The eugenics movement in the United States and other Western countries, and the support that eugenics philosophy gave to the horrors of National Socialism in Germany, have made many people appropriately sensitive to the potential abuses of genetic science. Beyond abuses, there are basic problems in the application of genetic knowledge in medicine and society, including issues of the benefits and harms of testing and screening, issues of privacy and confidentiality, issues of regulation, and issues of justice in access to these powerful new tools.

Three to five percent of the Human Genome Project funds have been allocated to conduct research and education on the ethical, legal, and social implications of human genetic research. To date, this “ELSI Program” as it is called, has invested more than forty million dollars toward these goals. The goal of the Human Genome Project is to “map” and “sequence” the entire human genome. An often asked question is whose genome will be sequenced in this project?

The answer is that while a single or limited number of individuals may be used as a reference standard for sequencing efforts by many laboratories, the knowledge gained will be applicable to us all. As noted, there is considerable variation from one individual to the next in the sequence of their genes and in the sequences of “junk DNA” between genes. Nevertheless, it is assumed that the basic organization of human DNA is the same in all people. Identifying where the genes lie and what their functions are in one individual will reveal the location of the same genes in virtually all other individuals.

Here the analogy of human anatomy is useful again. We all have some variation in the structure of our kidneys, brains, hearts, and other organs, but a detailed anatomic study of any of us would yield useful information about how all of us are built. Subsequent research will be necessary to determine whether the variations that are seen between individuals represent abnormalities or only benign variants. In fact, the basic structure of DNA is similar in organisms that are not too distantly related to humans from an evolutionary perspective.

One of the primary goals of the Human Genome Project, for example, is to map and sequence the genome of the mouse. The mouse, a fellow mammal, possesses DNA and a genetic structure that are remarkably similar to those of humans. Further, mice reproduce rapidly, producing large numbers of progeny, and, unlike humans, mice can be mated and manipulated as investigators see fit. Studying the sequence of the mouse genome can provide important information about the human genome.
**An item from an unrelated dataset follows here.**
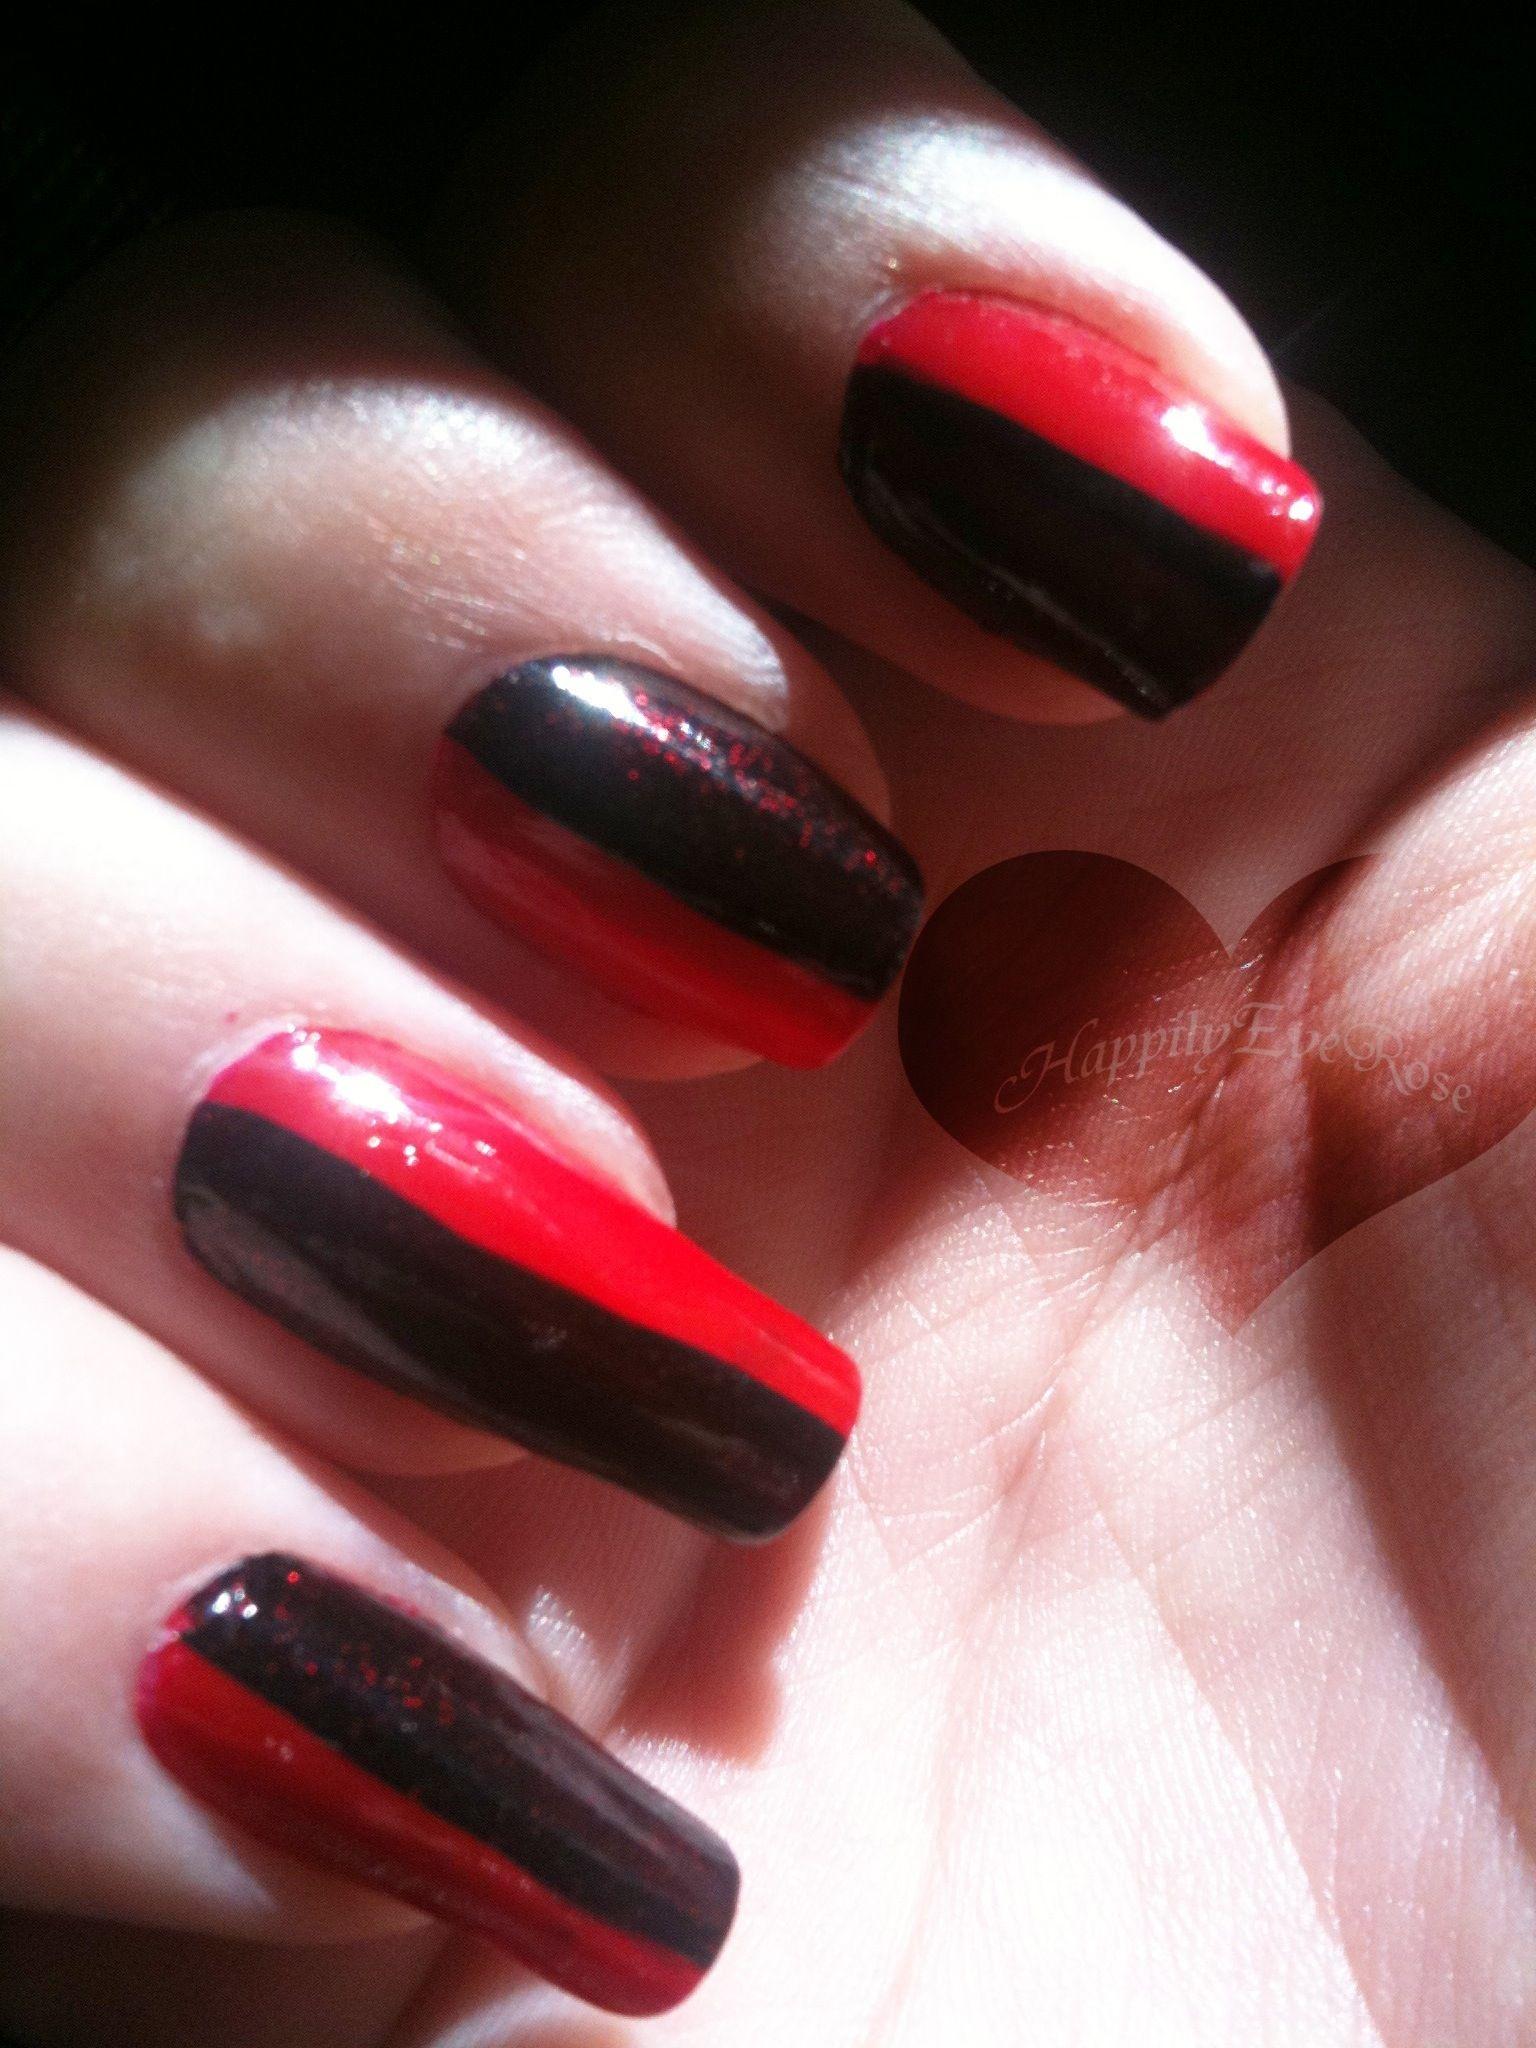 Dark black & red nail design | Nails | Pinterest | Red nail designs ...

The Human Genome Project and the great strides that have been taken in molecular biology in recent years have produced an enormous excitement in the scientific community.

A complete map of the human genome was completed in 1994, although additional work is necessary to identify more markers. While the public has been informed of many of the genetic discoveries as they have rolled out of the labs, the real results remain in the future. Nowadays, the Human Genome Epidemiology Network (HuGENet) provides an international network that is “committed to the assessment of the impact of human genome variation on population health and how genetic information can be used to improve health and prevent disease”.

Works Cited

Fine, M.J. , Ibrahim, S. A. , Thomas, S. B. “The Role of Race and Genetics in Health Disparities Research. ” American Journal of Public Health. Washington: Dec 2005. Vol. 95, Iss. 12; pg. 2125, 4 pgs Institute of Medicine, Committee on Assessing Genetic Risks, “Assessing Genetic Risks: Implications for Health and Social Policy. ” Washington, D. C. : National Academy Press, 1994. United States Congress, Office of Technology Assessment, “Mapping Our Genes-The Genome Project: How Big, How Fast? ” Washington, D. C. : U. S. Government Printing Office, 1988.